** Opening Provided material block **
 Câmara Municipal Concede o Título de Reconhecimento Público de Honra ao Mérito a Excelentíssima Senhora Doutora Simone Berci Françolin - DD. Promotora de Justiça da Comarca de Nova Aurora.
** Closing Provided material block **
** Opening Provided material block **
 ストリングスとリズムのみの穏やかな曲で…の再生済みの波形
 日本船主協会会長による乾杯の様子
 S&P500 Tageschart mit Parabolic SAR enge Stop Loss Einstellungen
** Closing Provided material block **
**How to complete this task**
Out of the data above, transcribe exactly and only the lines starting with the line that has "ストリングスとリズムのみの穏やかな曲で…の再生済みの波形" and going on through the line that has "S&P500 Tageschart mit", both included.

**Final answer**
 ストリングスとリズムのみの穏やかな曲で…の再生済みの波形
 日本船主協会会長による乾杯の様子
 S&P500 Tageschart mit Parabolic SAR enge Stop Loss Einstellungen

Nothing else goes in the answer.